Given material section start

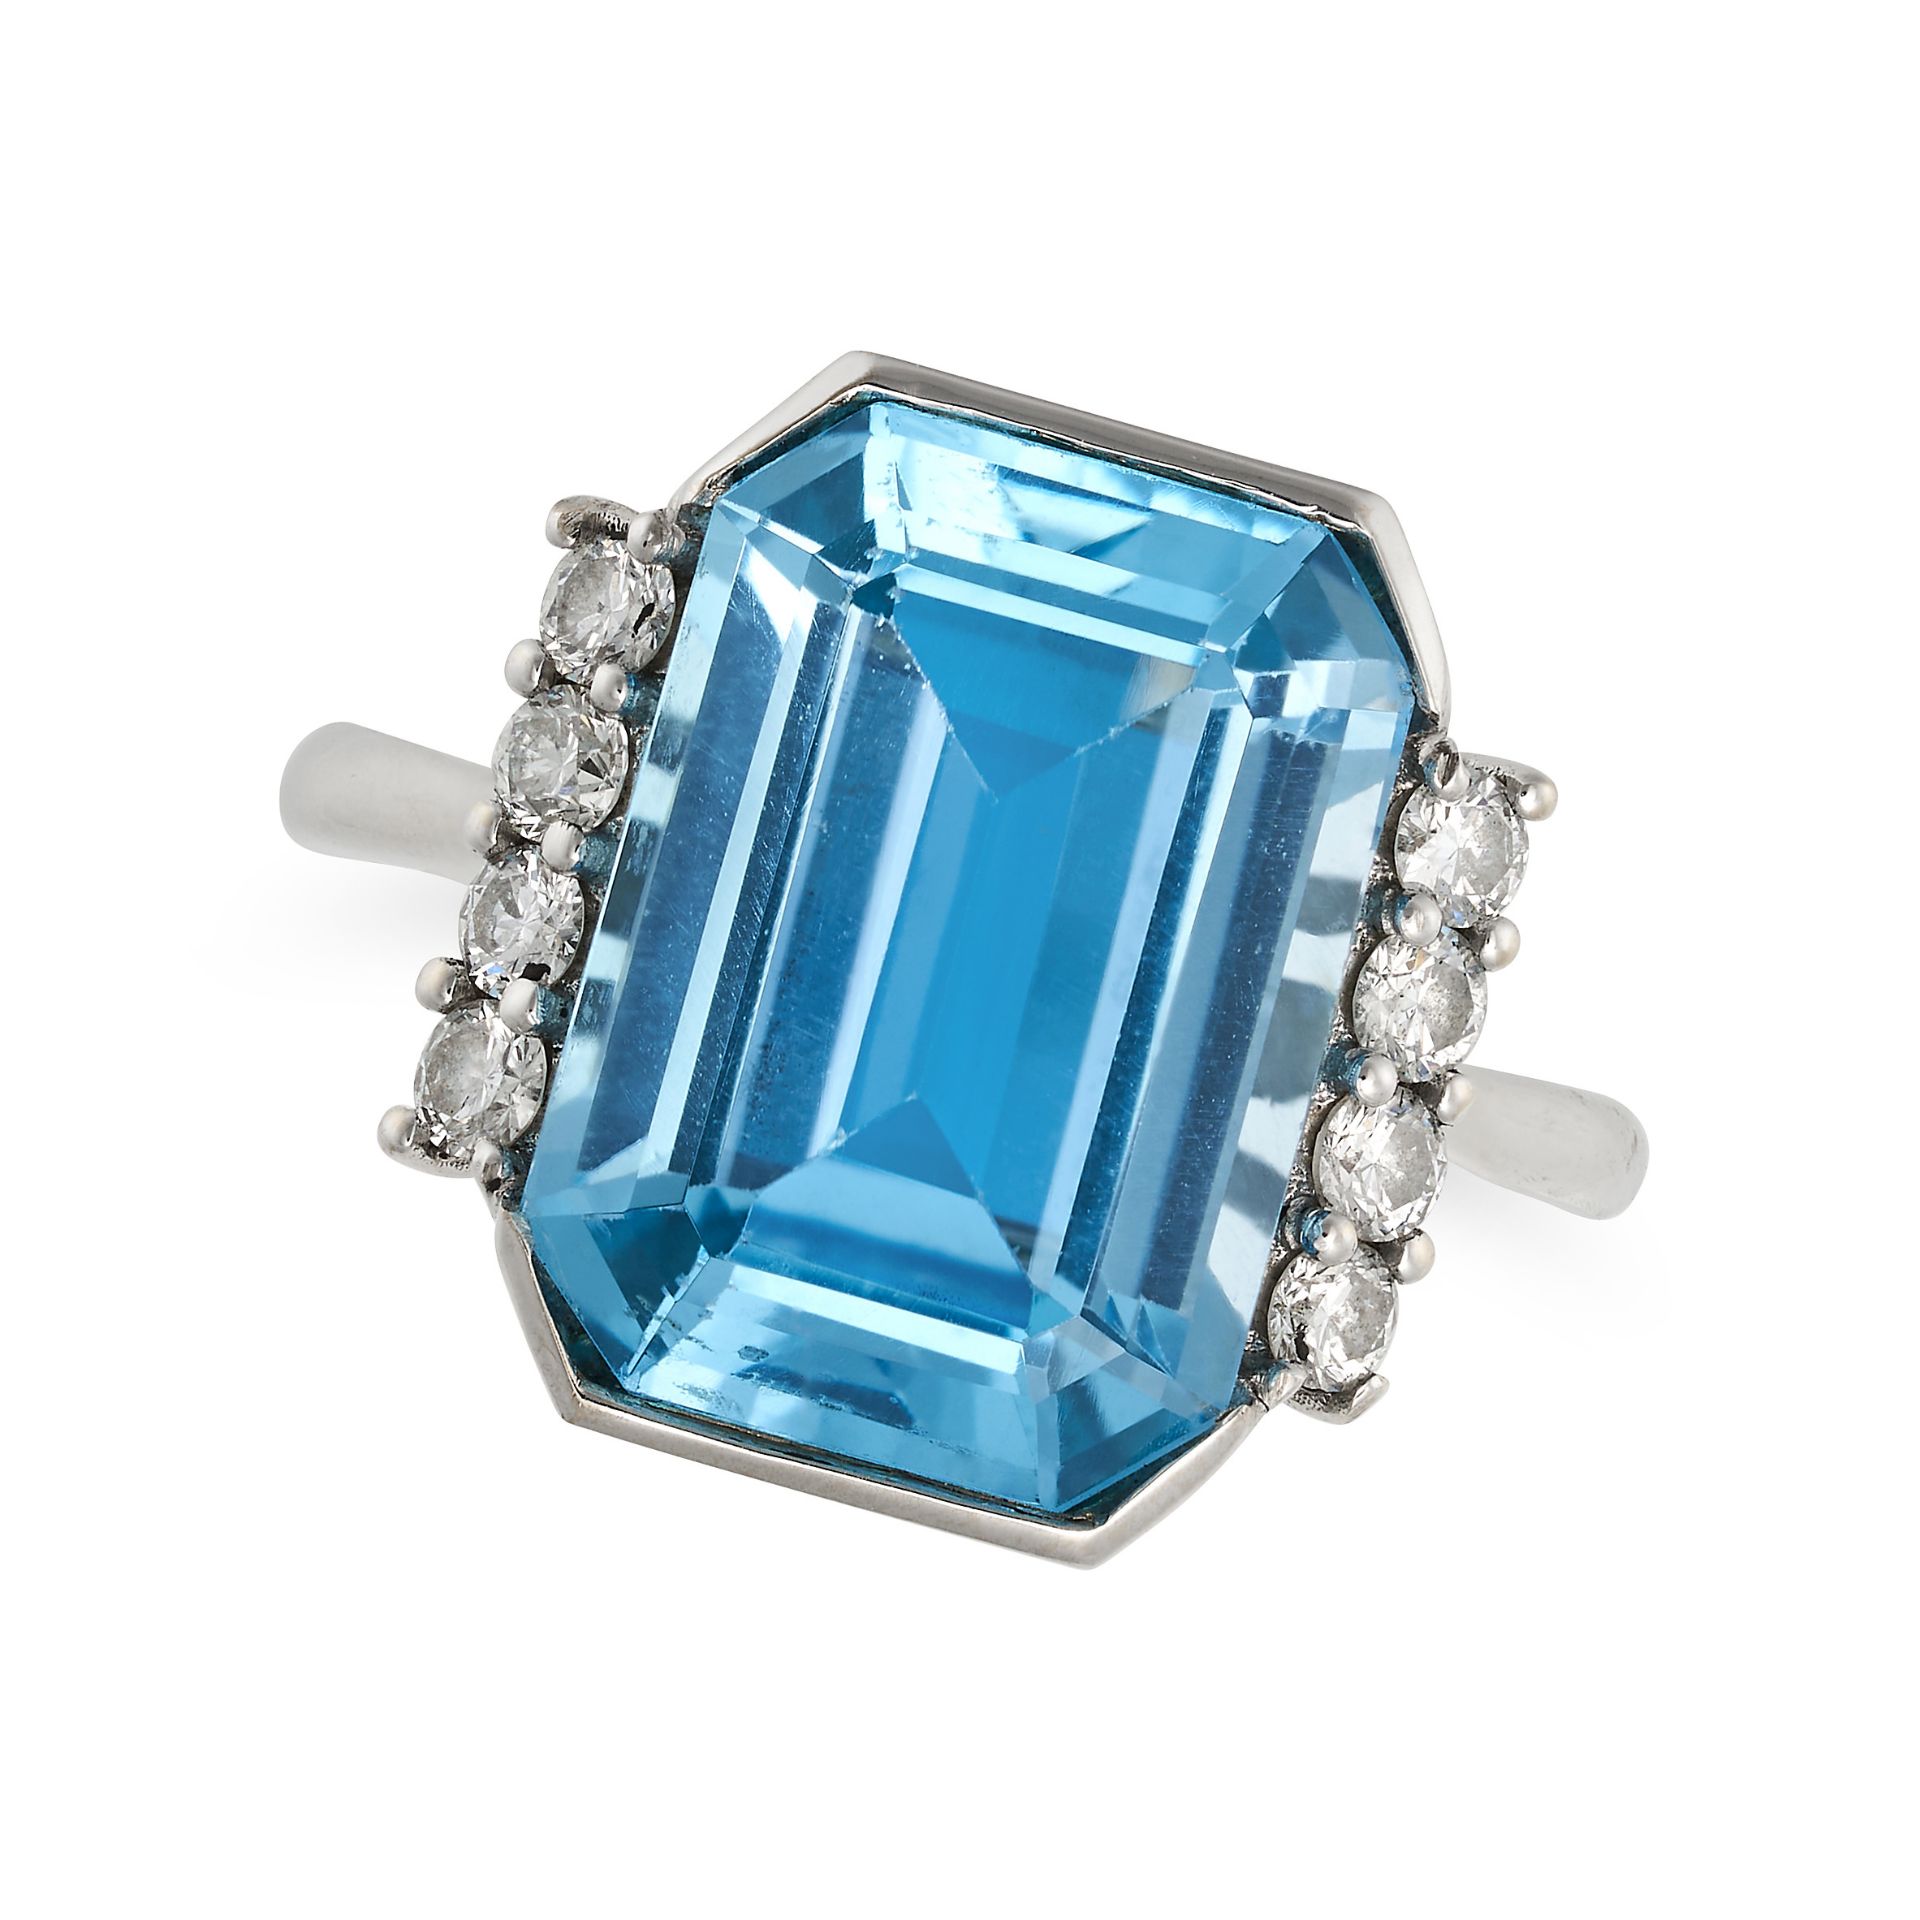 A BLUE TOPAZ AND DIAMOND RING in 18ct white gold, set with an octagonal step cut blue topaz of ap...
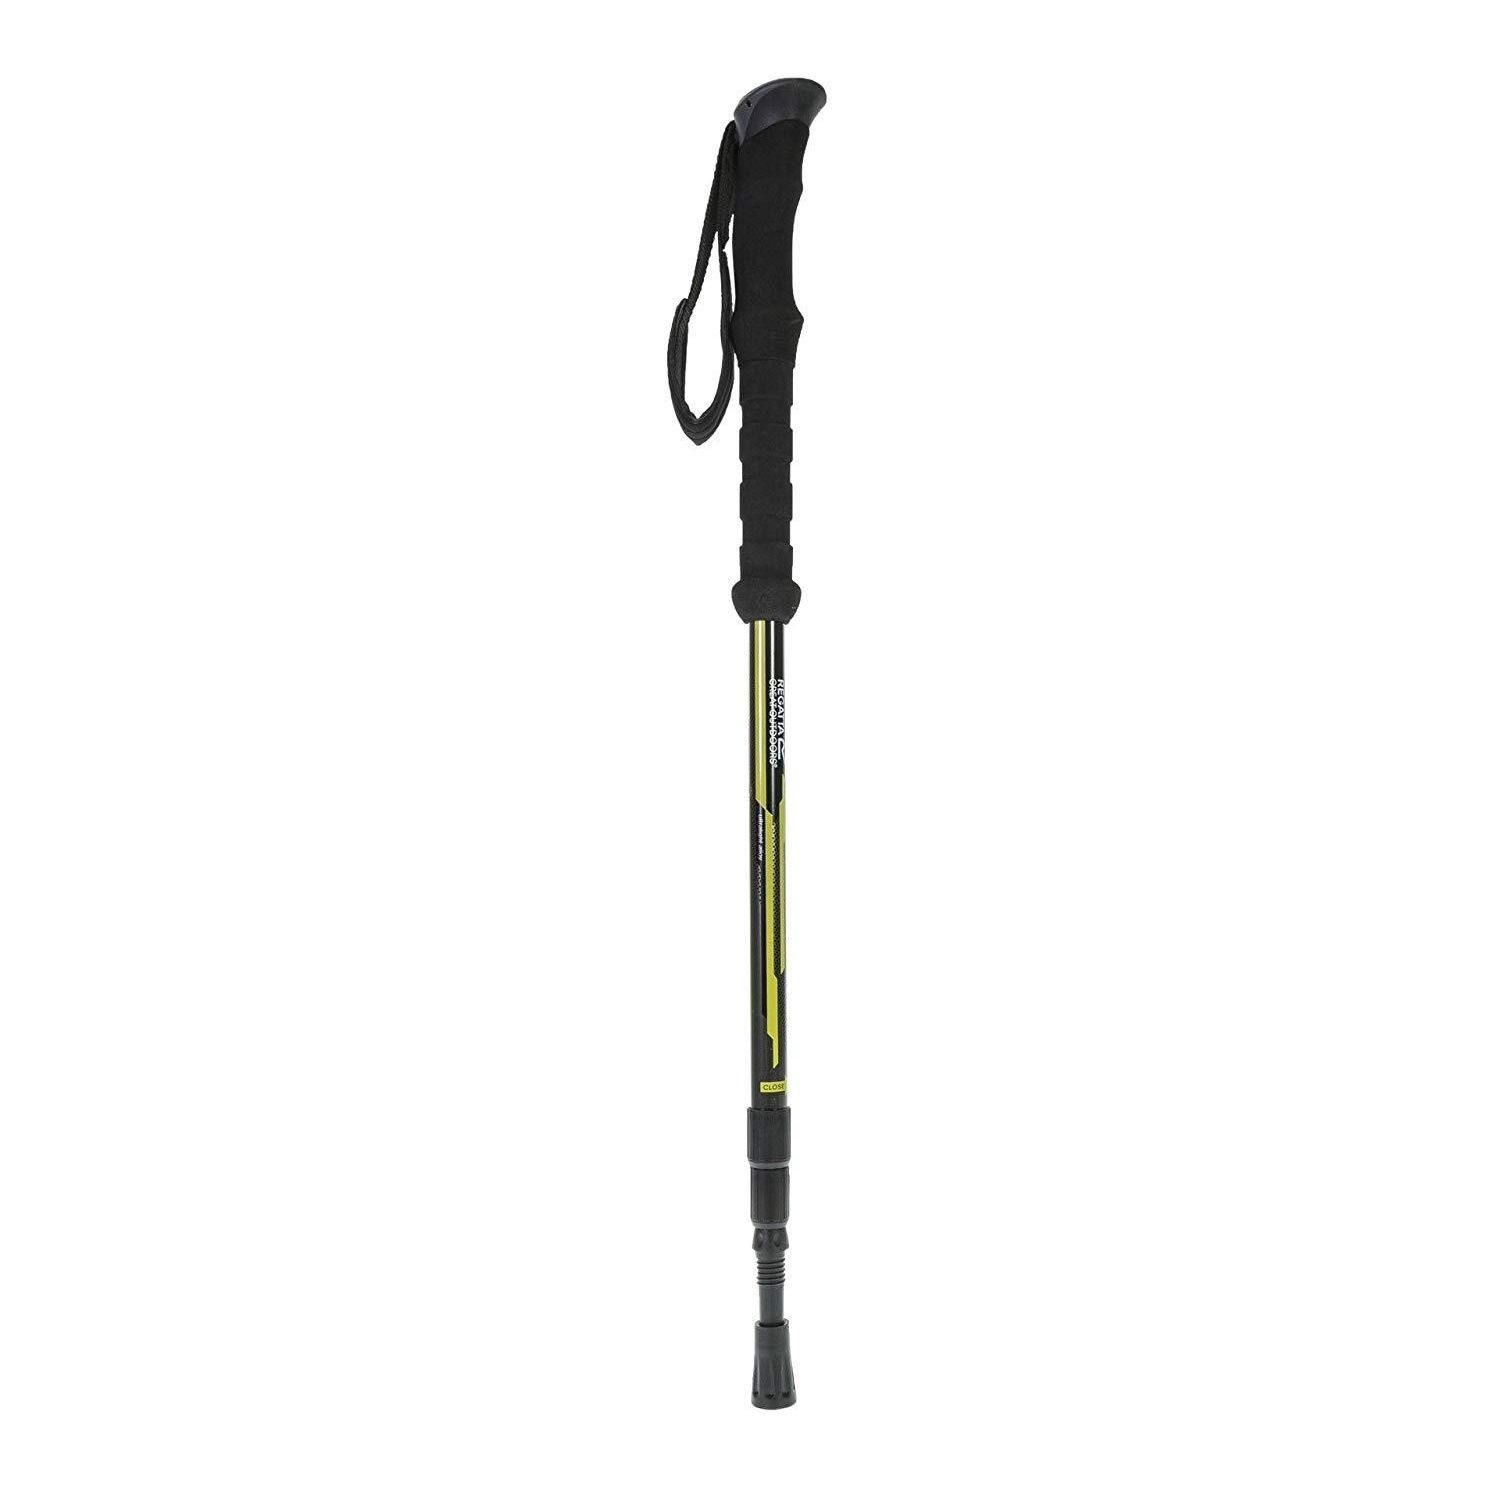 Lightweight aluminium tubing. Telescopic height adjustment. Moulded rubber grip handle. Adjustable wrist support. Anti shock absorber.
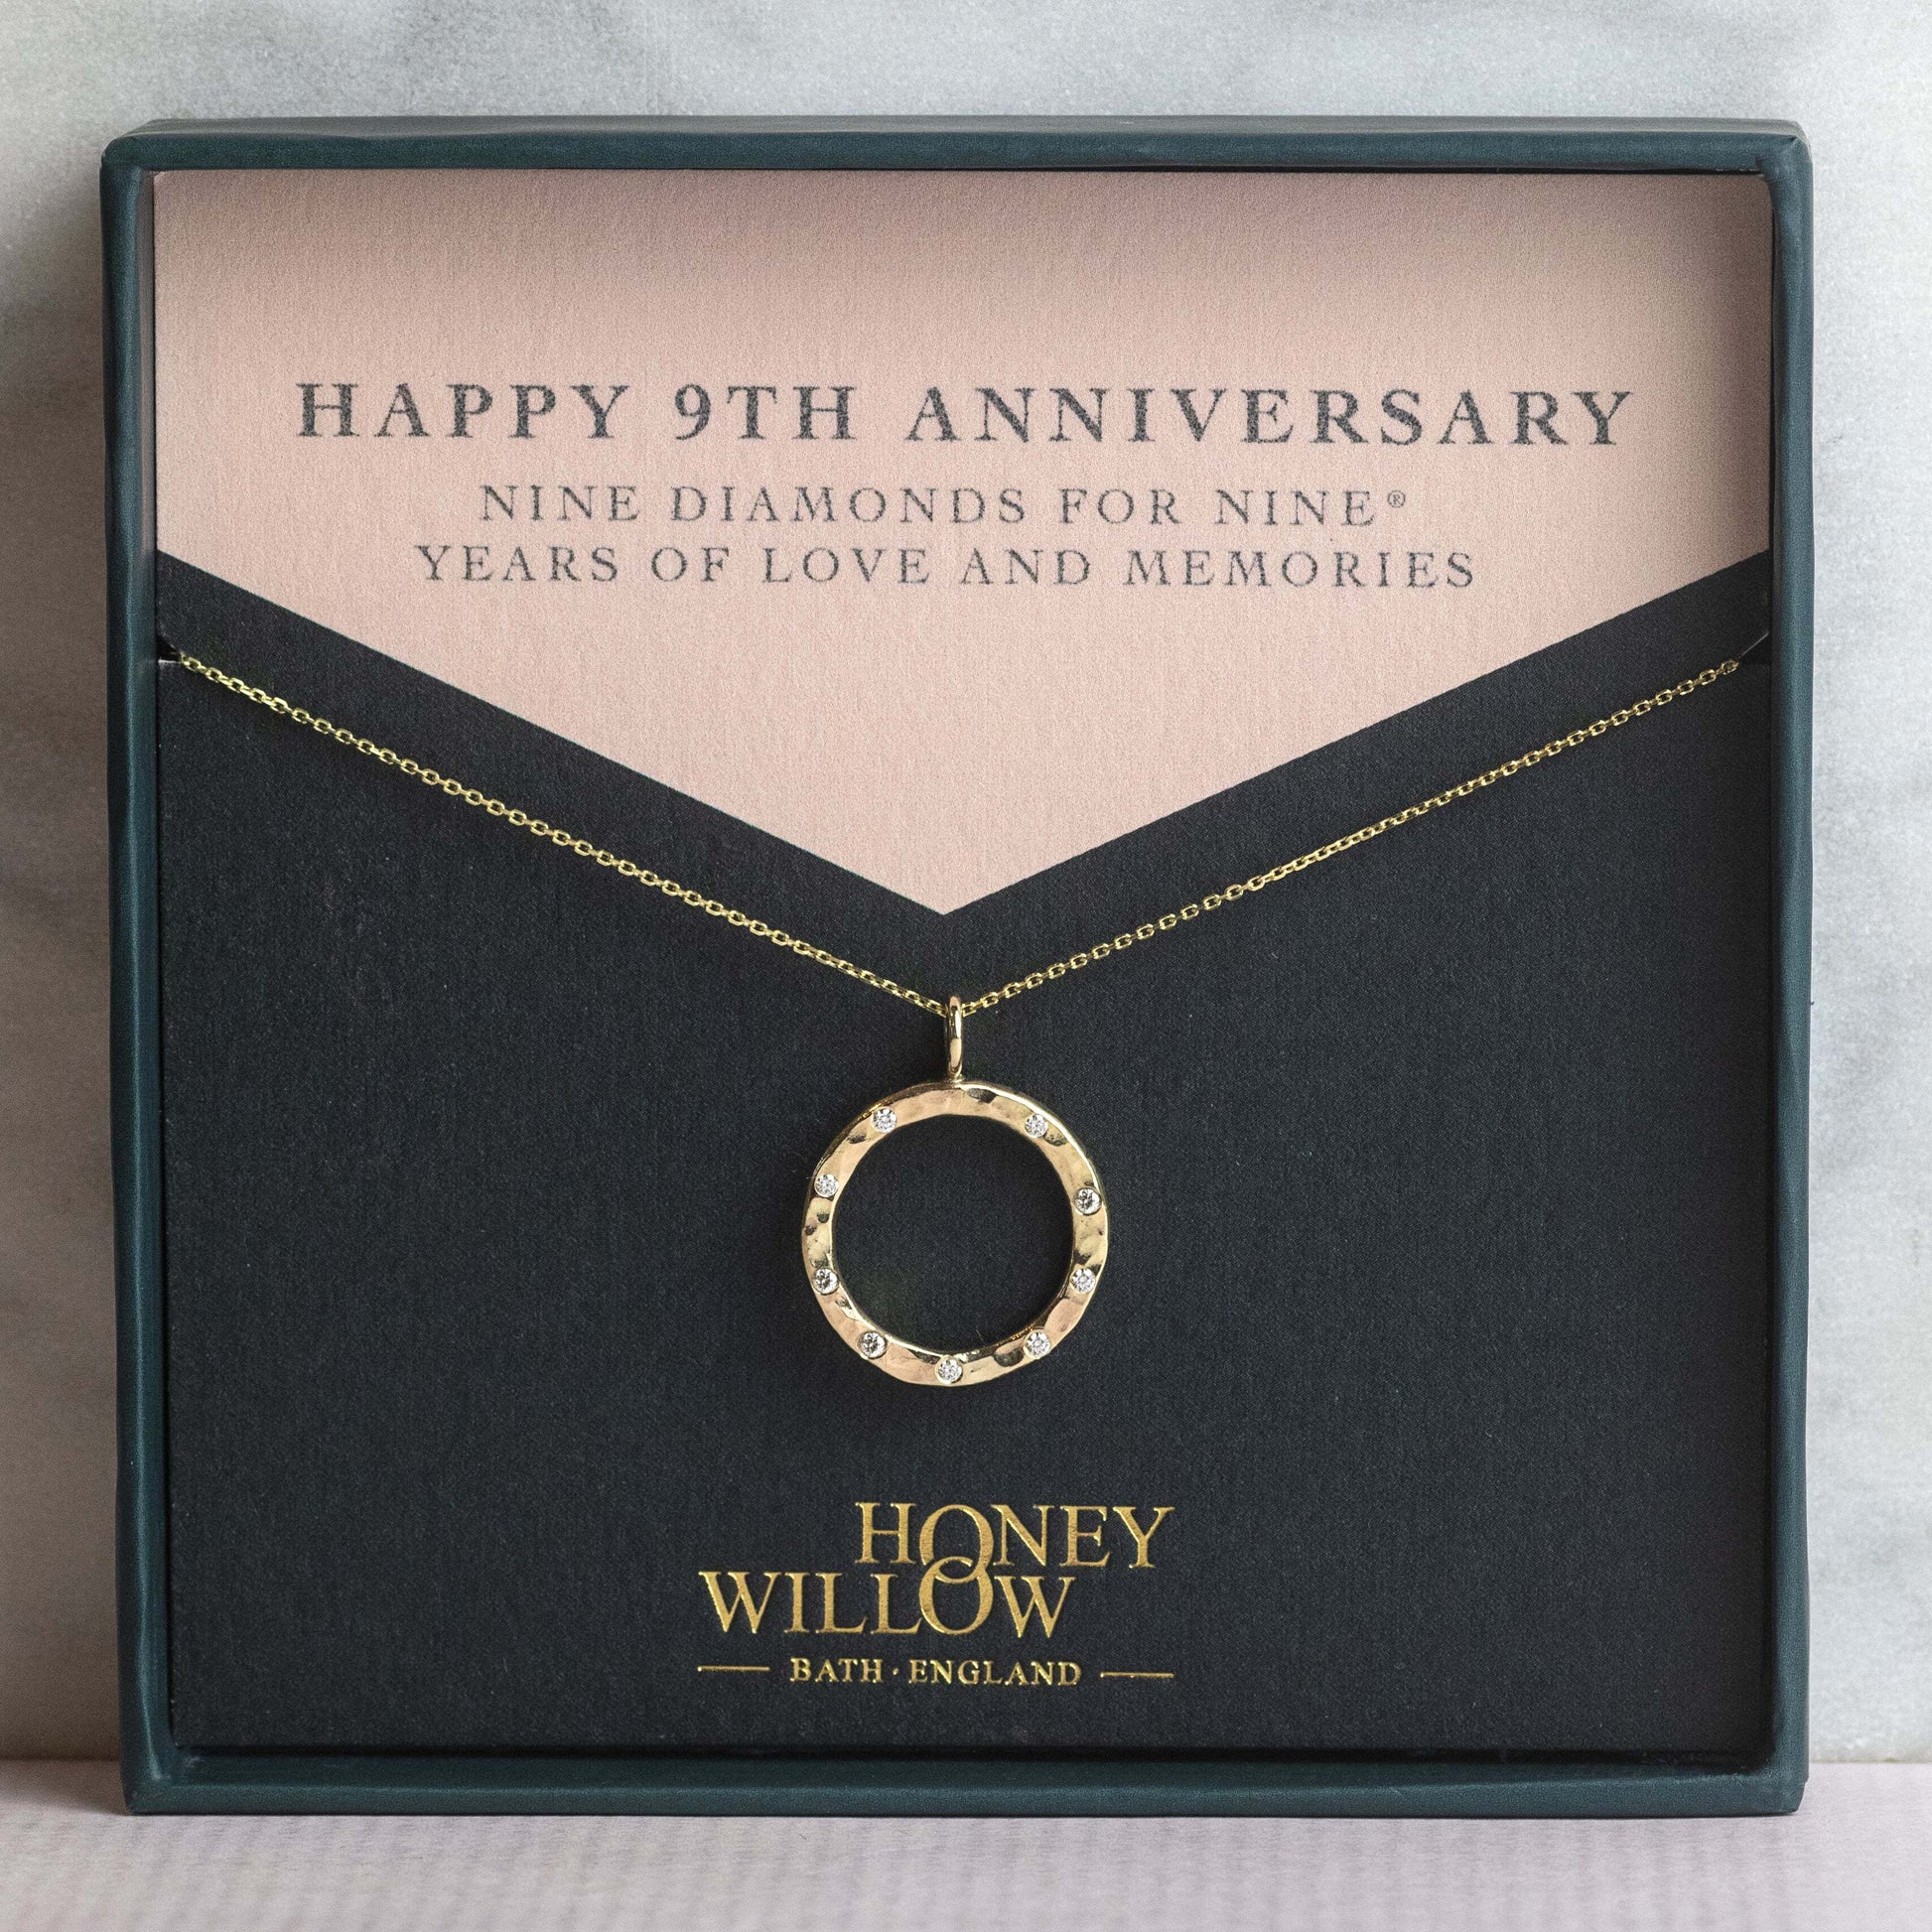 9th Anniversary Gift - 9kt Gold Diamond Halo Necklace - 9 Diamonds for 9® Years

Given material section end

## Your instructions
Apart from the images, reproduce the listing exactly as it appears.

## Result of the exercise
 A BLUE TOPAZ AND DIAMOND RING in 18ct white gold, set with an octagonal step cut blue topaz of ap...
 Lightweight aluminium tubing. Telescopic height adjustment. Moulded rubber grip handle. Adjustable wrist support. Anti shock absorber.
 9th Anniversary Gift - 9kt Gold Diamond Halo Necklace - 9 Diamonds for 9® Years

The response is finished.